Dzwoni szkolny dzwonek. Głośny jakby chcięli abyśmy ogłuchli na dobre. Może nawet mają taki zamiar.

Lekcja mija mi szybko, aż za szybko. Mam jeszcze tylko 6 lekcji i żegnam się z tym budynkiem na dobre. Może to i dobrze, nigdy nie byłam zadowolona z tej szkoły. Nie dostałam się na profil na który chciałam. Mimo wszystko dzięki tej przeprowadce będę na profilu, na którym od początku chciałam być. Mimo, że różni się tylko jednym przedmiotem jest sto razy lepszy.

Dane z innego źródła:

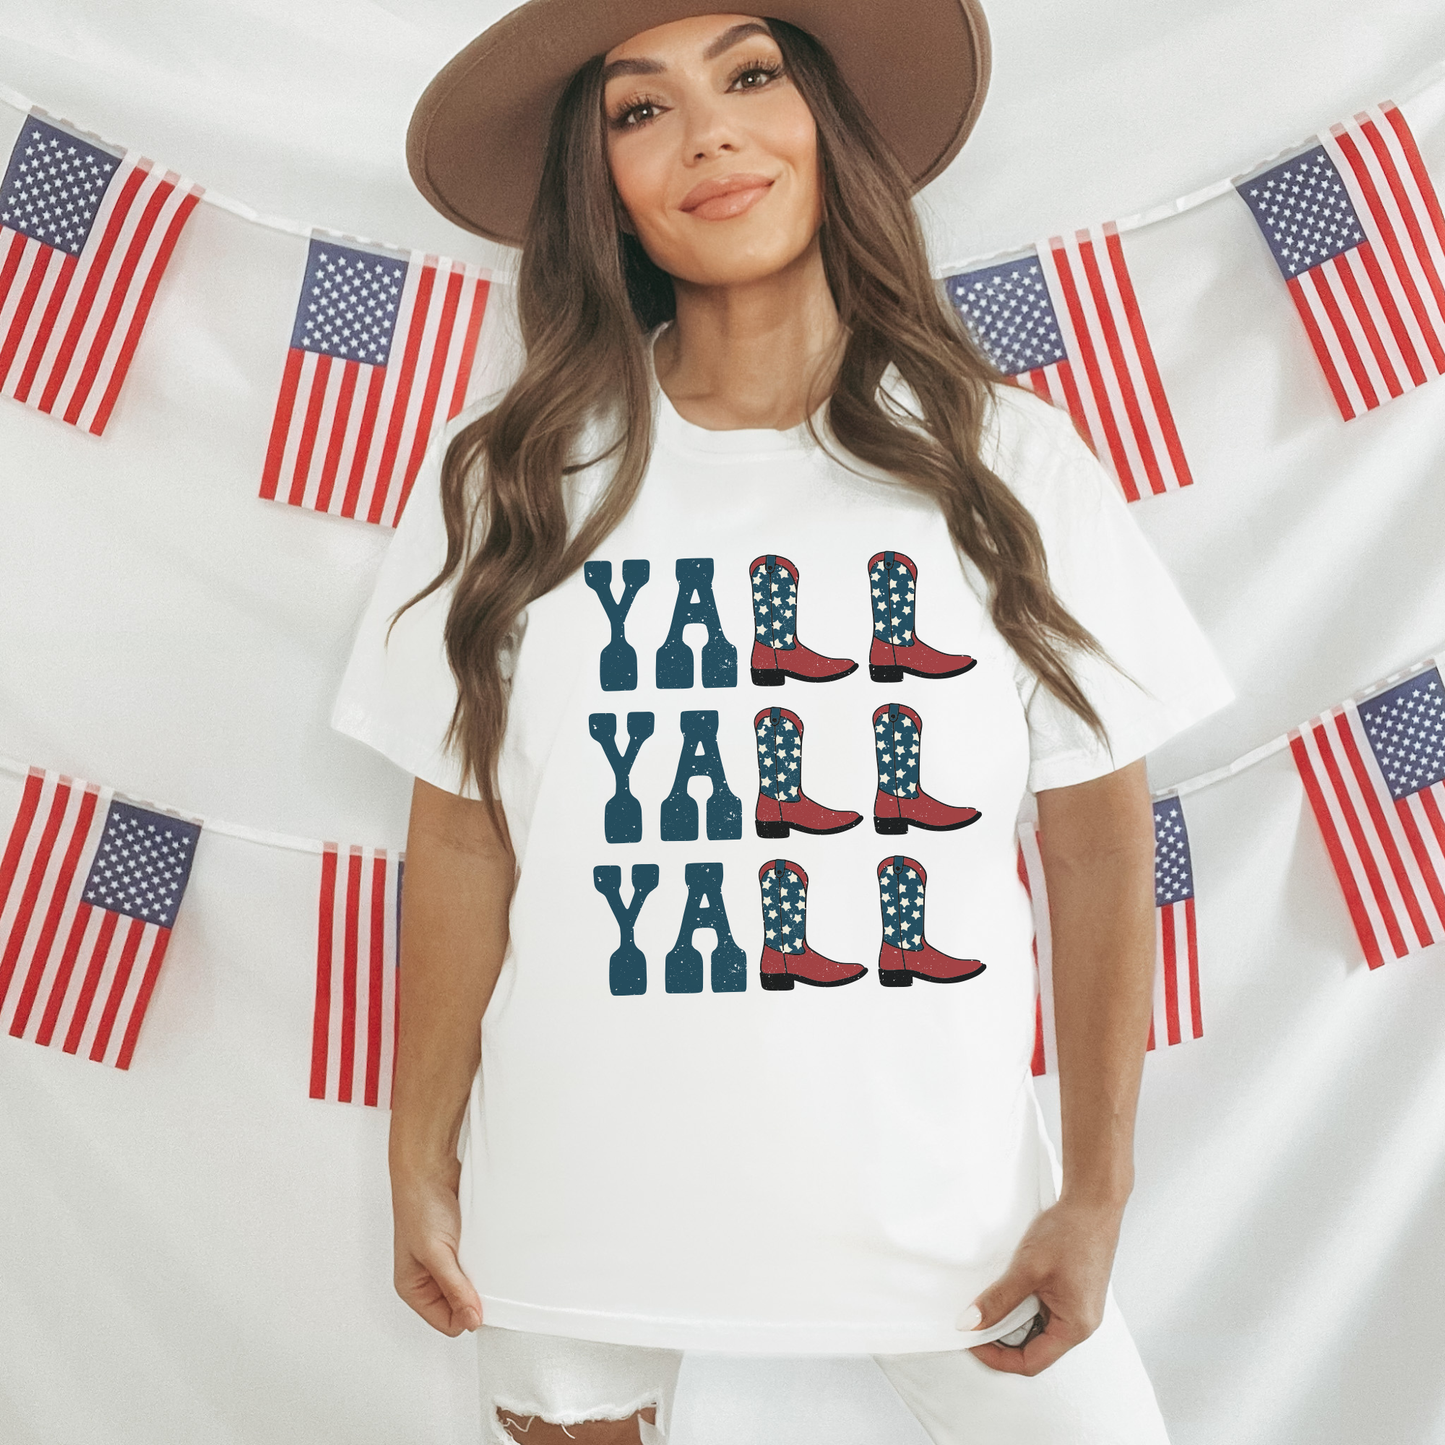 Fourth of July Yall Yall Yall T Shirt

Rozmawiam ze swoimi przyjaciółmi. Nie chcę rozmawiać o tej przeprowadce z nikim. Mam już dość rozmawiania o tym. Chciałabym na chwilę o tym zapomnieć i po prostu żyć jak żyłam wcześniej.

Kolejne lekcje i przerwy mijają szybko, teraz mam lekcję z panią wychowawczynią. Miło mnie przywitała i spytała jak się sprawy mają. W sumie to już koniec. Koniec wszelkich lekcji. Koniec z tą szkołą. Pożegnałam się z większością stąd na dobre. Może to i dobrze może i nie. Wypakowywuje wszystkie rzeczy z szafki i zmierzam na autobus powrotny do domu. Wkładam słuchawki do uszu i włączam moją ulubioną muzykę. Momentalnie łzy pojawiają się w moich oczach. Powtórze to już milionowy raz. Noe chcę stąd wyjeżdżać.

***
Wchodzę do domu, kłade kurtkę na schodach. Idę sprawdzić czy wszytsko spakowałam, i czy jestem gotowa na długą podróż z dala stąd.

Mama woła mnie do salonu, schodzę do niej.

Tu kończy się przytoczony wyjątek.